:: ACTIVITY ::
What is needed is an exact transcription of the listing, with the images removed.

:: SUPPLIED INFORMATION ::
+-------+

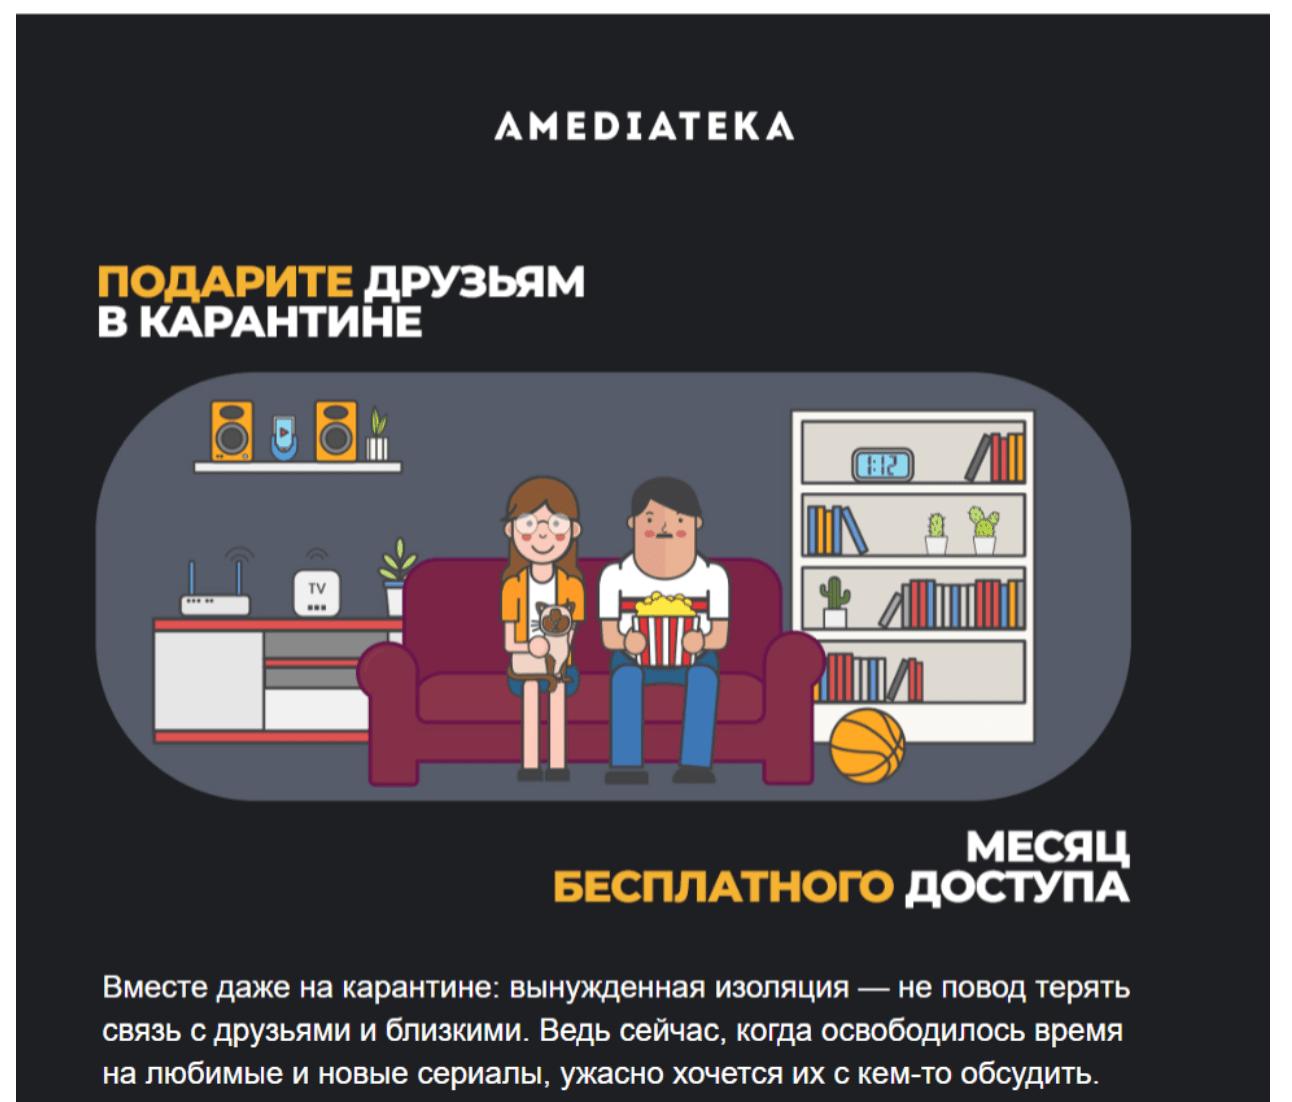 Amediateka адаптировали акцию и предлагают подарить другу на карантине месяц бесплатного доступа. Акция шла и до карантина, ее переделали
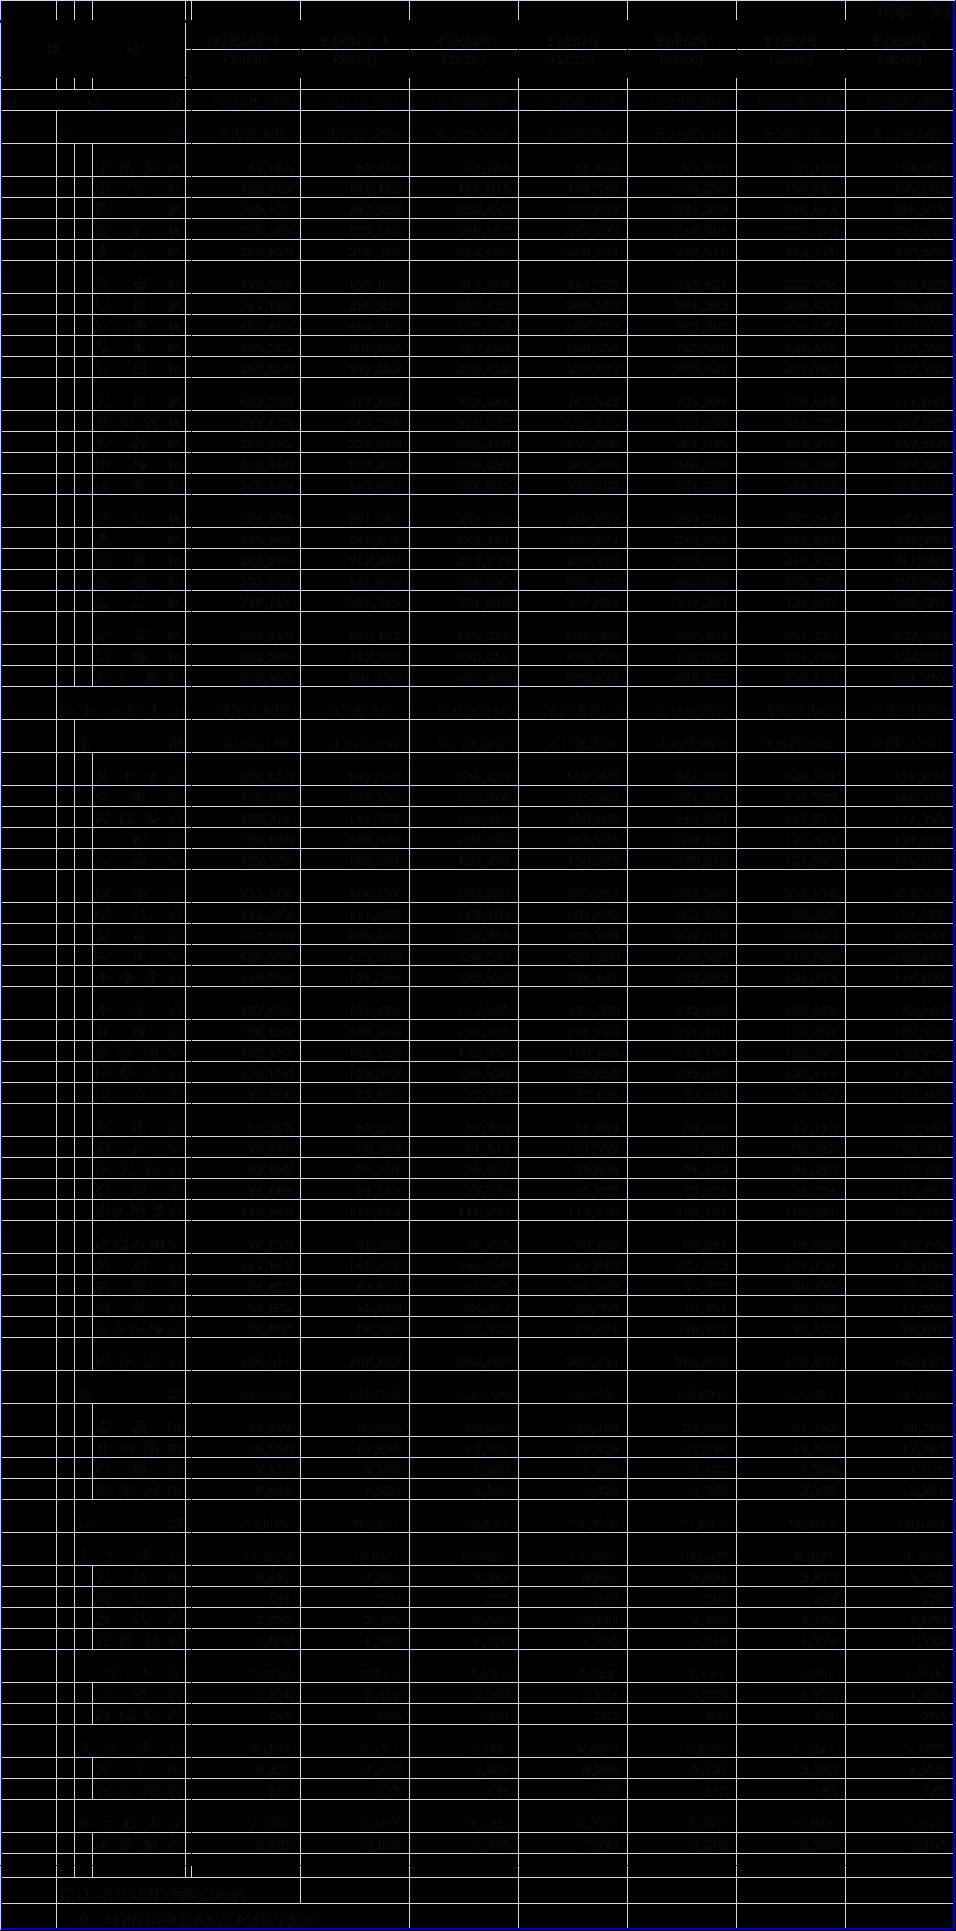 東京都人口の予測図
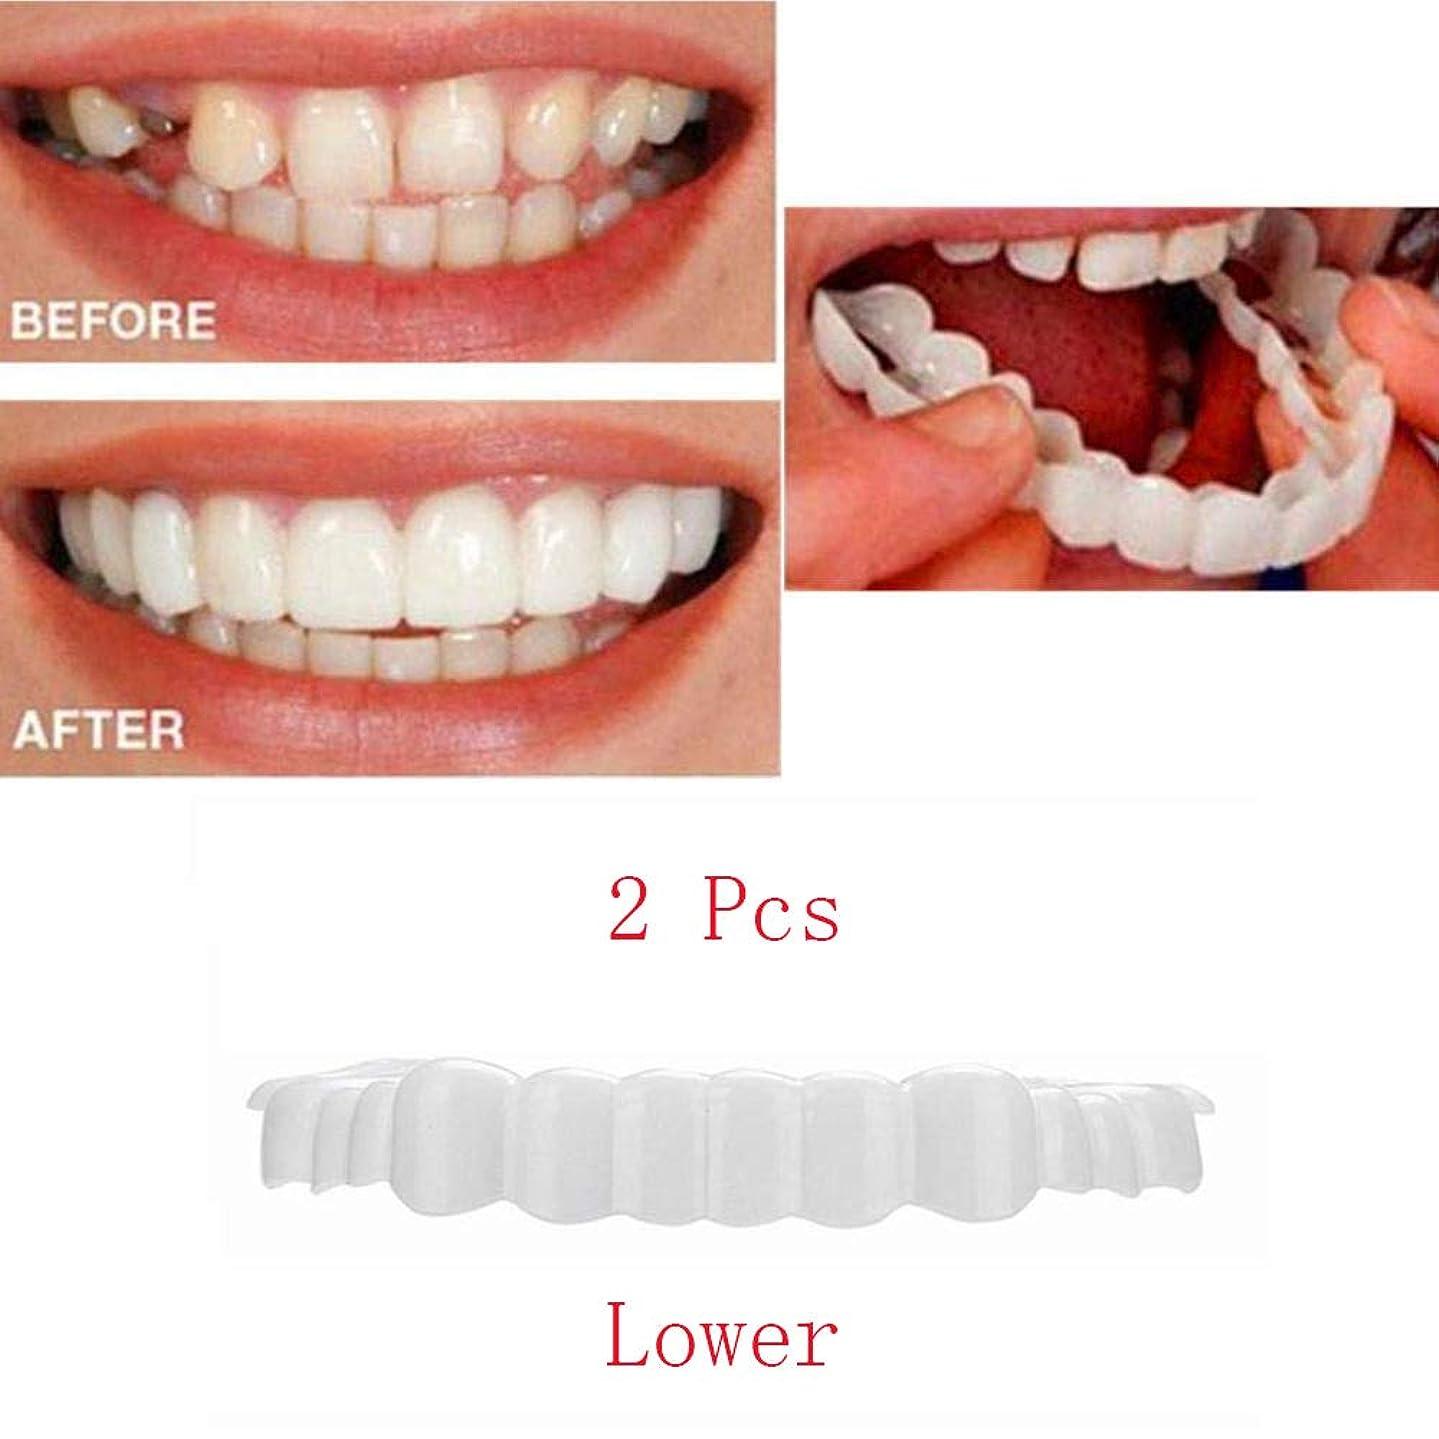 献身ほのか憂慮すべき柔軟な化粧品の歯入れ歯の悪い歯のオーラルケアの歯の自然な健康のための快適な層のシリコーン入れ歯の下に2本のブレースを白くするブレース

+-------+

:: ANSWER AREA ::
 Amediateka адаптировали акцию и предлагают подарить другу на карантине месяц бесплатного доступа. Акция шла и до карантина, ее переделали
 東京都人口の予測図
 献身ほのか憂慮すべき柔軟な化粧品の歯入れ歯の悪い歯のオーラルケアの歯の自然な健康のための快適な層のシリコーン入れ歯の下に2本のブレースを白くするブレース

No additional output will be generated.